Author: openshift-merge-bot[bot]

enhancements/oc/must-gather-operator-pvc-destination.md

@@ -0,0 +1,322 @@
+---
+title: must-gather-operator-pvc-destination
+authors:
+  - "@shivprakashmuley"
+reviewers:
+  - "@TrilokGeer"
+  - "@Prashanth684"
+approvers:
+  - "@TrilokGeer"
+  - "@Prashanth684"
+api-approvers:
+  - "@TrilokGeer"
+  - "@Prashanth684"
+creation-date: 2025-09-04
+last-updated: 2025-09-04
+tracking-link:
+  - https://issues.redhat.com/browse/MG-68
+
+---
+
+# Must-Gather Operator: PVC destination for gathered data
+
+## Release Signoff Checklist
+
+- [ ] Enhancement is `implementable`
+- [ ] Design details are appropriately documented from clear requirements
+- [ ] Test plan is defined
+- [ ] Graduation criteria for dev preview, tech preview, GA
+- [ ] User-facing documentation is created in `openshift-docs`
+
+## Summary
+
+Introduce an optional field in the `MustGather` custom resource that allows specifying a PersistentVolumeClaim (PVC) as a destination for gathered artifacts. When a PVC is specified, the must-gather operator mounts it into the gather pod, persisting all content written to `/must-gather` to the PVC. If not specified, it defaults to using ephemeral storage (`emptyDir`).
+
+## Motivation
+
+### Current Behavior and Problem Statement
+
+The must-gather operator currently relies on ephemeral storage (`emptyDir` volumes) to store the data it collects. This means the gathered artifacts are tied directly to the lifecycle of the gather pod. This approach presents several significant challenges:
+
+- **Data Loss:** Since the storage is ephemeral, any data collected is permanently lost if the gather pod is evicted, crashes, or is deleted for any reason. This makes the collection process fragile and unreliable, especially in unstable clusters where it is most needed.
+- **Storage Capacity Limitations:** Ephemeral `emptyDir` volumes are constrained by the storage capacity of the underlying node. For large-scale data collection, such as gathering extensive logs or coredumps, `must-gather` can easily exhaust this limited space, causing the collection to fail.
+
+
+### Proposed Solution
+
+This enhancement addresses these issues by enabling the use of a PersistentVolumeClaim (PVC) for storing all `must-gather` artifacts. By writing directly to a persistent volume, we fundamentally change how data is managed:
+
+- **Ensured Data Durability:** The lifecycle of the collected data is decoupled from the gather pod. Artifacts are safely stored on the PVC, surviving pod failures and enabling reliable data collection.
+- **Simplified Data Access:** Once the `must-gather` job completes, the data is immediately available on the PVC for analysis, processing, or retrieval.
+- **Scalable Data Collection:** Users can leverage persistent storage solutions that are not limited by a single node's capacity. This allows for the collection of much larger datasets without fear of failure due to storage limits.
+- **Streamlined Artifact Management:** PVCs can be managed with standard Kubernetes storage policies, such as StorageClasses, quotas, and retention policies.
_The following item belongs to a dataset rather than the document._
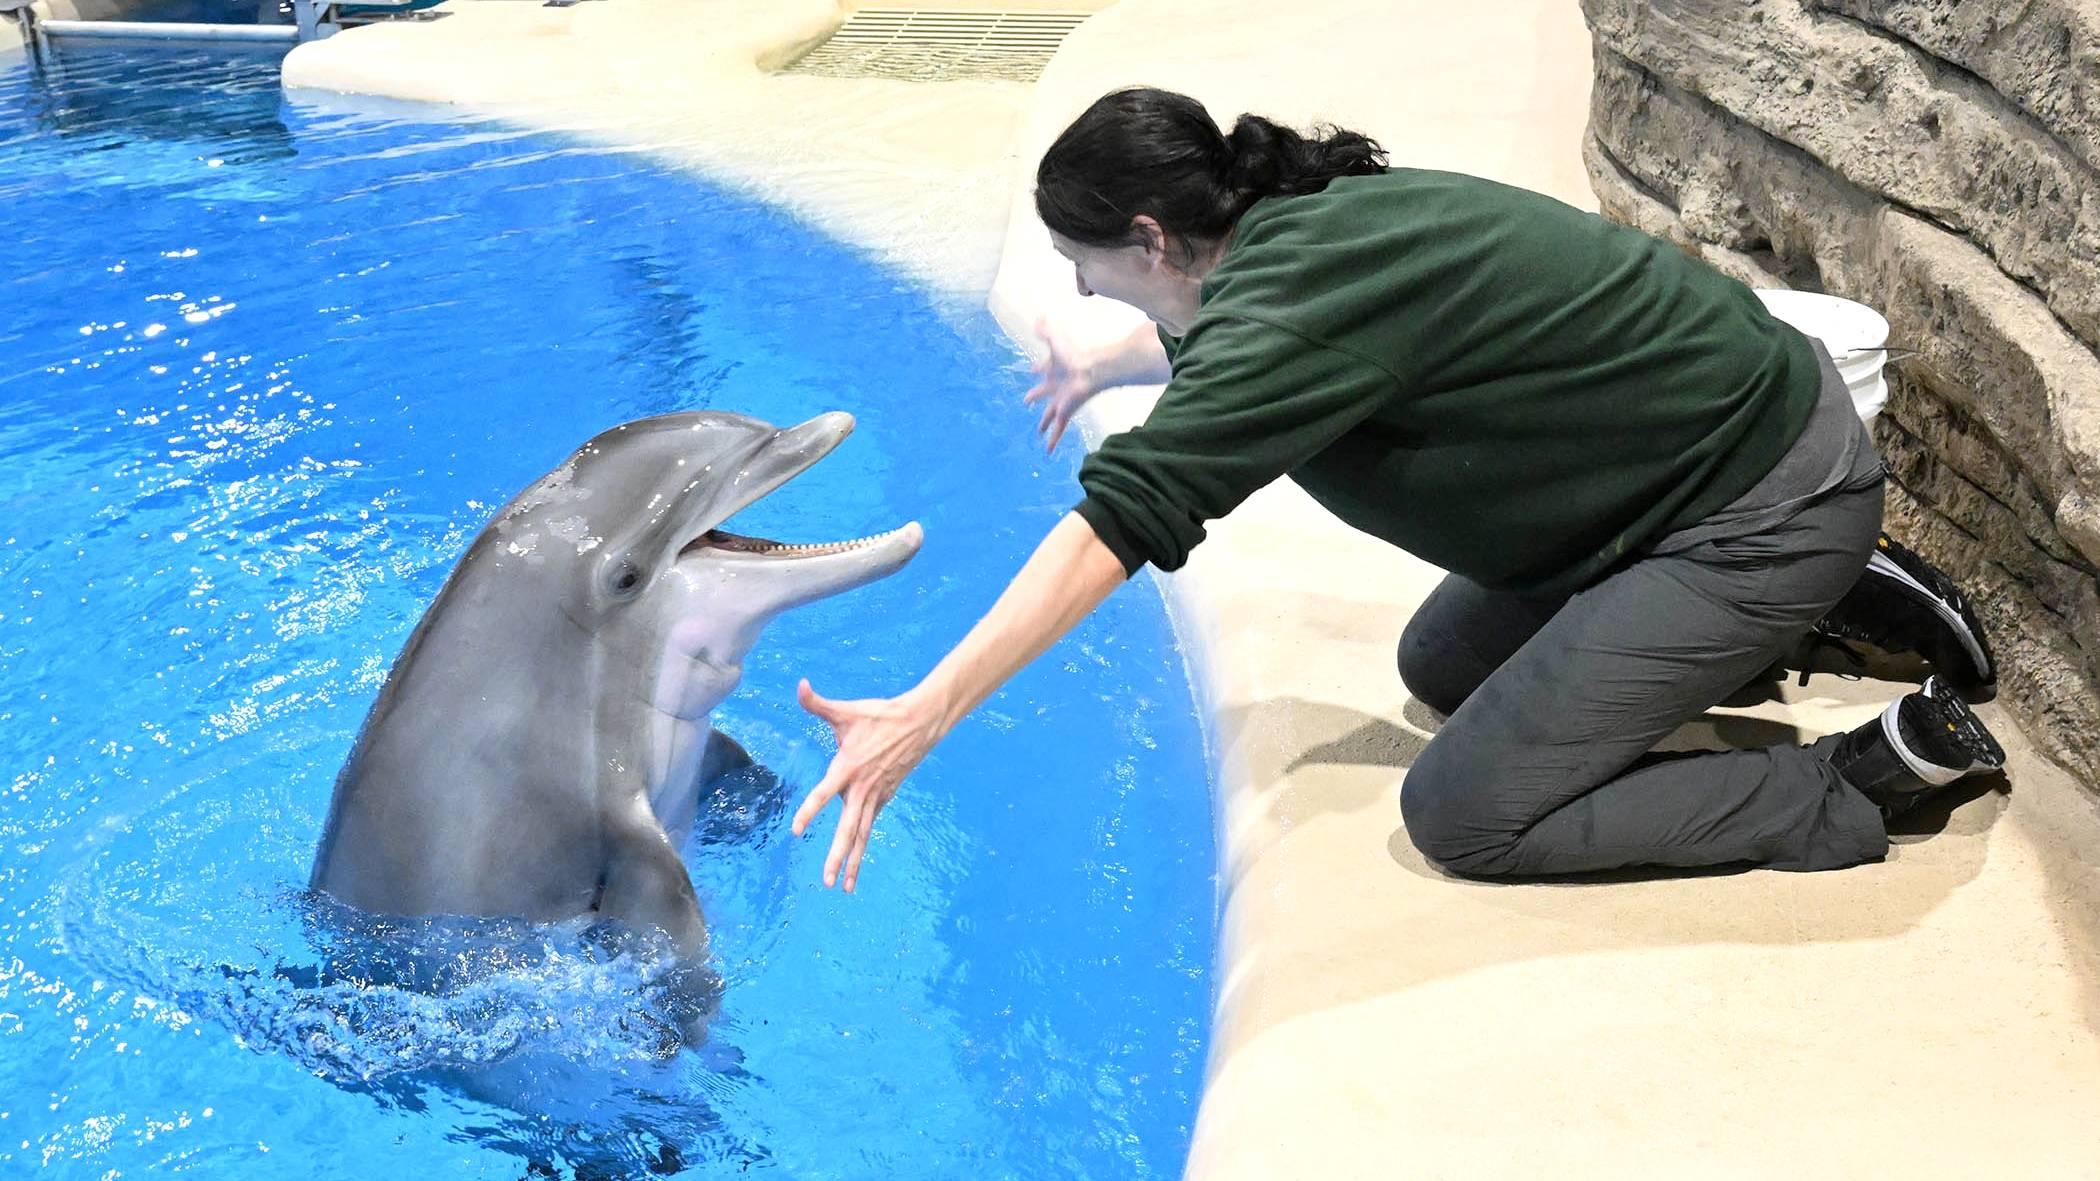 Tapeko, one of Brookfield Zoo’s bottlenose dolphins, gets a big welcome home from Melissa Zabojnik, a senior animal care specialist. (Jim Schulz / CZS-Brookfield Zoo)

This simplifies long-term retention, backup, and access control for `must-gather` artifacts.
+
+### User Stories
+
+- As a cluster administrator, I want must-gather output stored on a pre-provisioned PVC so that I can collect large datasets without failing due to ephemeral volume limits.
+- As a support engineer, I want artifacts retained on a PVC with a defined retention policy so that I can audit and compare multiple runs.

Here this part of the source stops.